- Directed by: James Felix McKenney
- Written by: James Felix McKenney
- Produced by: James Felix McKenney Lisa Wisely
- Starring: Christine Spencer Angus Scrimm Brenda Cooney
- Cinematography: David W. Hale
- Edited by: James Felix McKenney
- Music by: Noah DeFilippis The Noisettes
- Release date: December 13, 2006;
- Running time: 83 minutes
- Country: United States
- Language: English

= Automatons (film) =

2006 American horror film

Automatons is a 2006 black-and-white horror film directed by James Felix McKenney, and starring Christine Spencer, Angus Scrimm, and Brenda Cooney. John Levene, Don Wood and Executive Producer Larry Fessenden have supporting roles. The plot is about a war against robots. The movie was made under the working title Death to the Automatons.

==Plot==
Somewhere in the distant future, The Girl is living alone in a bunker. She continues to fight with the generations-long war with the assistance of a group of antiquated robot helpers and soldiers.

Her only connection to her people is a collection of recorded journal entries made by the scientist who cared for her as a baby. His is the only friendly human face she’s ever seen. These entries gradually disclose the fall of mankind: escalating war that destroyed Earth's atmosphere, human reproductive abilities, and all hope for future. The Girl is revealed to be a clone, created as a last attempt to restore humanity's dwindling numbers.

The regular radio transmissions from her enemy's leader are always filled with threats and taunts. The girl responds with attacks of her own, carried out by her mechanical soldiers on the contaminated surface where no human can survive.
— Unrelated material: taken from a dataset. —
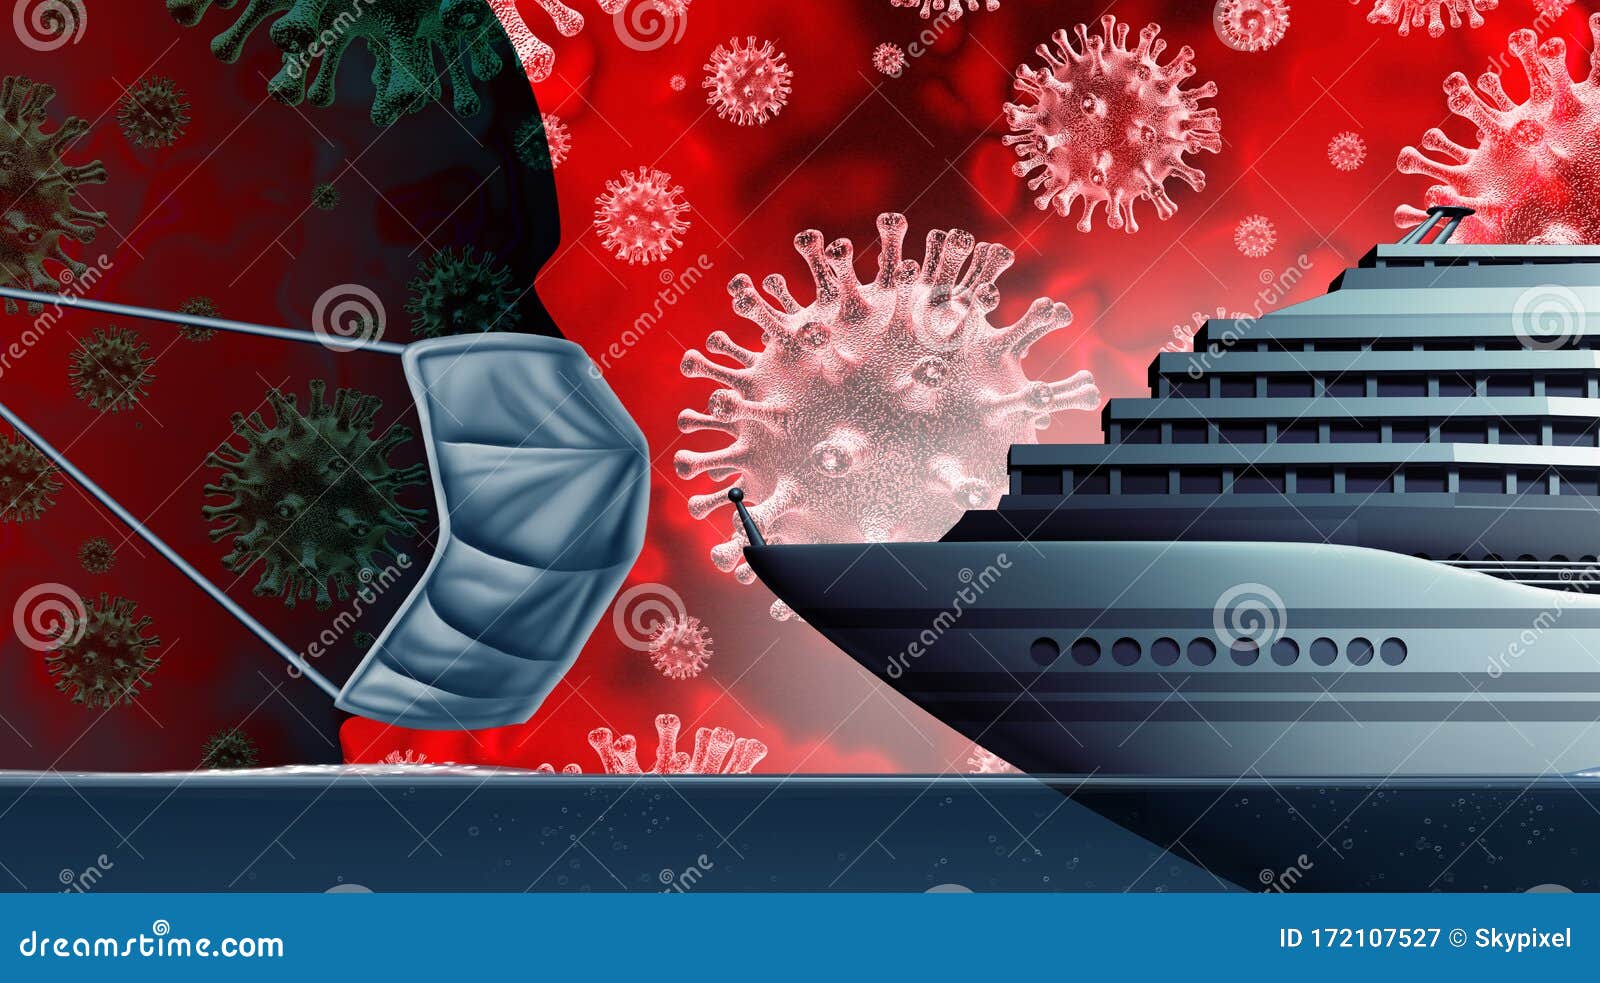 viruses on cruise ship

After a transmission is used to intercept control of the robots, the girl decides to launch a full-scale assault on the enemy base, and does so, succeeding by hiding inside one of the machines (using it as an exoskeleton). Upon defeating the enemy remnants, she is told by dying enemy leader that they are the last people on the planet, rumors of prosperous nations being just myths.
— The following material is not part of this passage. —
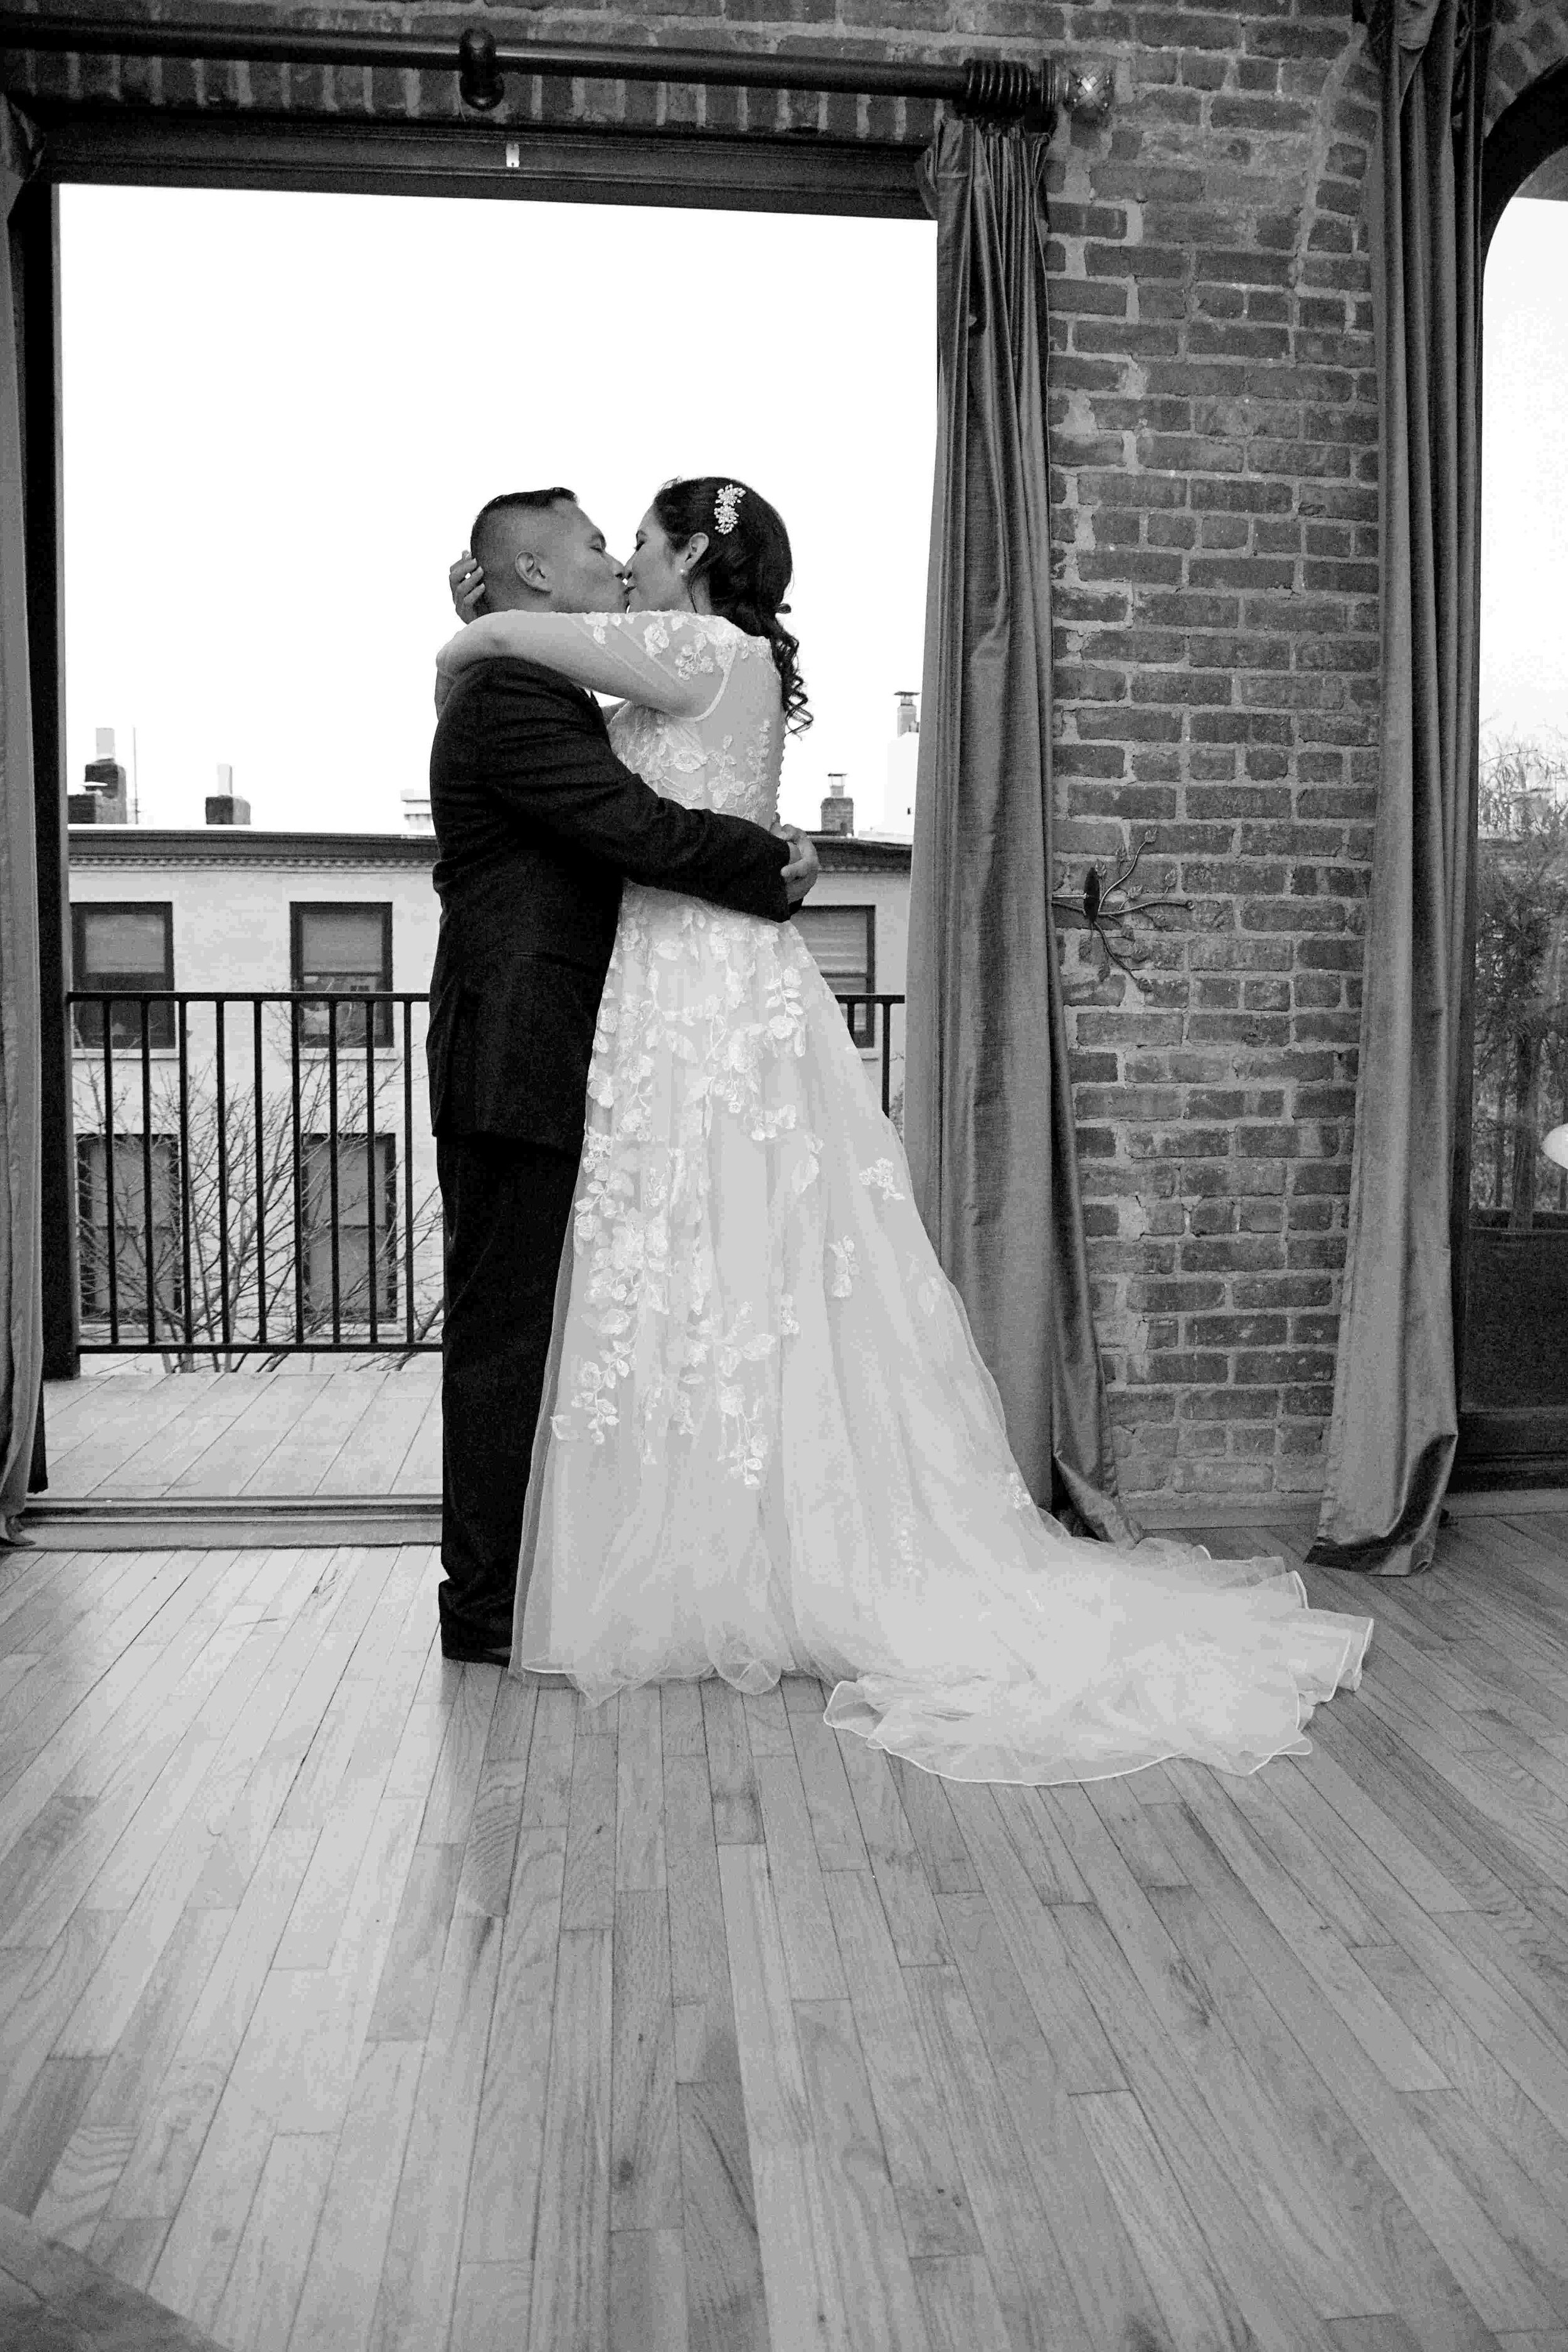  bride and groom first look wedding photography brooklyn new york

The girl is put before a choice to either spare the enemy leader, or kill her. Believing that she lies, the girl executes the last of her foes. This activates the large EMP generator, however, which the enemy never used before (as using it would doom themselves too). All machines and bunker life support cease to function, leaving the girl alone, trapped within the enemy base, with no way out. The film ends with her calmly staring in the illuminator.

==Cast==
- Christine Spencer
- Brenda Cooney
- Angus Scrimm
- Don Wood
- John Levene

==Critical opinion==

George Ward wrote:"This all-too-convincing horror takes to its utmost conclusions the potentialities of nightmare launched in Karl Capek's R.U.R. eighty years ago".